The Shortest Matching Substring interview question gives you a text string s and a pattern p containing at most two wildcard * characters (each matching any sequence of characters, including empty). Find the length of the shortest substring of s that matches the pattern p. If no match exists, return -1. This tests multi-wildcard string matching with length minimization.
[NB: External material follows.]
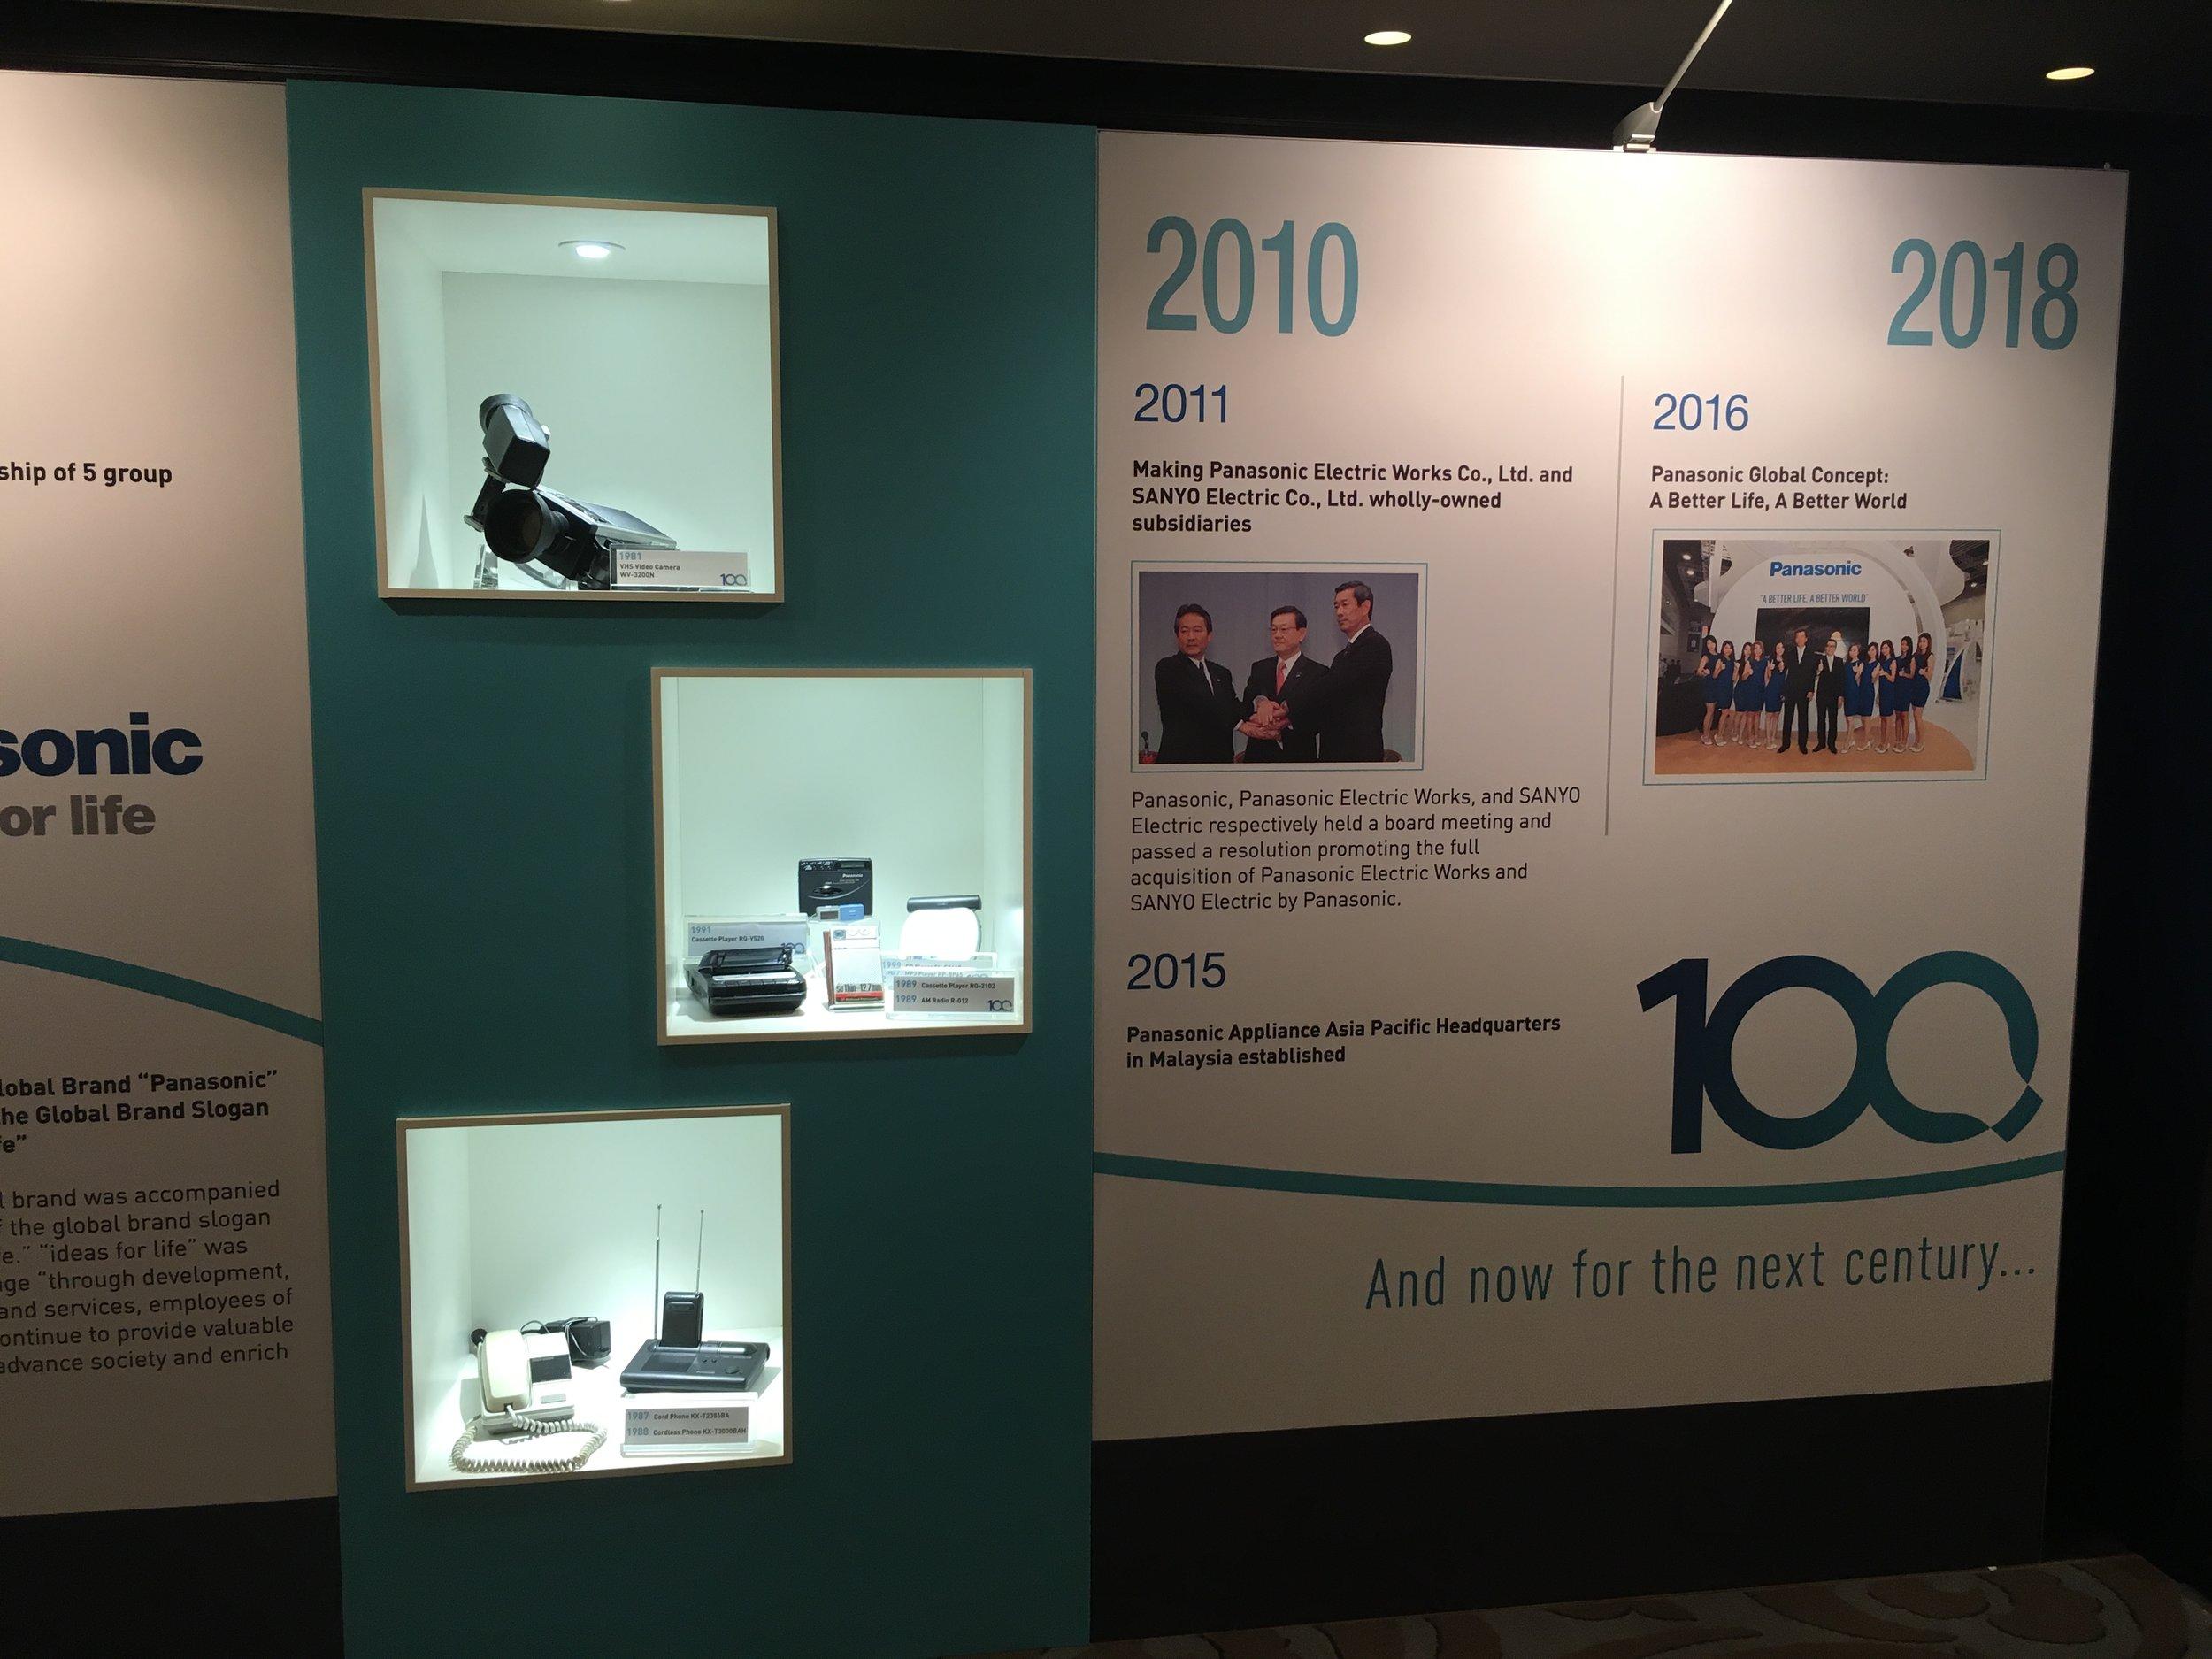 Panasonic Centenary History Wall

Amazon asks this HARD string matching problem because wildcard pattern matching is fundamental in search engines, file system glob operations, and text editors. With two wildcards, the pattern splits into three literal parts. Finding the shortest matching substring requires efficiently locating the leftmost occurrence of each literal part in sequence, which can be done with KMP or binary search on prefix occurrences.
The pattern is split-by-wildcard then sequential prefix matching. Split p by * into at most three literal parts: prefix, middle, suffix. Find all starting positions of the suffix in s. For each suffix occurrence, search backwards for the latest middle occurrence before it, then for the latest prefix occurrence before that. The length of the current match is end_of_suffix - start_of_prefix. Track the minimum such length. Use binary search on precomputed occurrence lists for efficiency.
s = "aabaabaab", p = "a*b*b".
Split by *: parts = ["a", "b", "b"].
For suffix at index 8: look for middle "b" before 8 → index 5. Look for prefix "a" before 5 → index 4. Length = 8-4+1 = 5. For suffix at index 5: middle "b" at 2. Prefix "a" at 1. Length = 5-1+1 = 5. For suffix at index 2: middle at... no "b" before 2 at ≥ prefix end → invalid.
Minimum length: 5 (e.g., "abaab").
* can match zero characters.For the Shortest Matching Substring coding problem, the string matching two-pointer binary search interview pattern is the efficient approach. The key insight: to minimize match length, choose the rightmost valid occurrence of each earlier part (maximizing compression). Amazon interviewers test the split-into-parts reduction — state it explicitly before coding. Practice KMP for efficient single-pattern matching and binary search on sorted occurrence lists for multi-pattern sequential matching. These two tools combined solve most complex substring matching problems.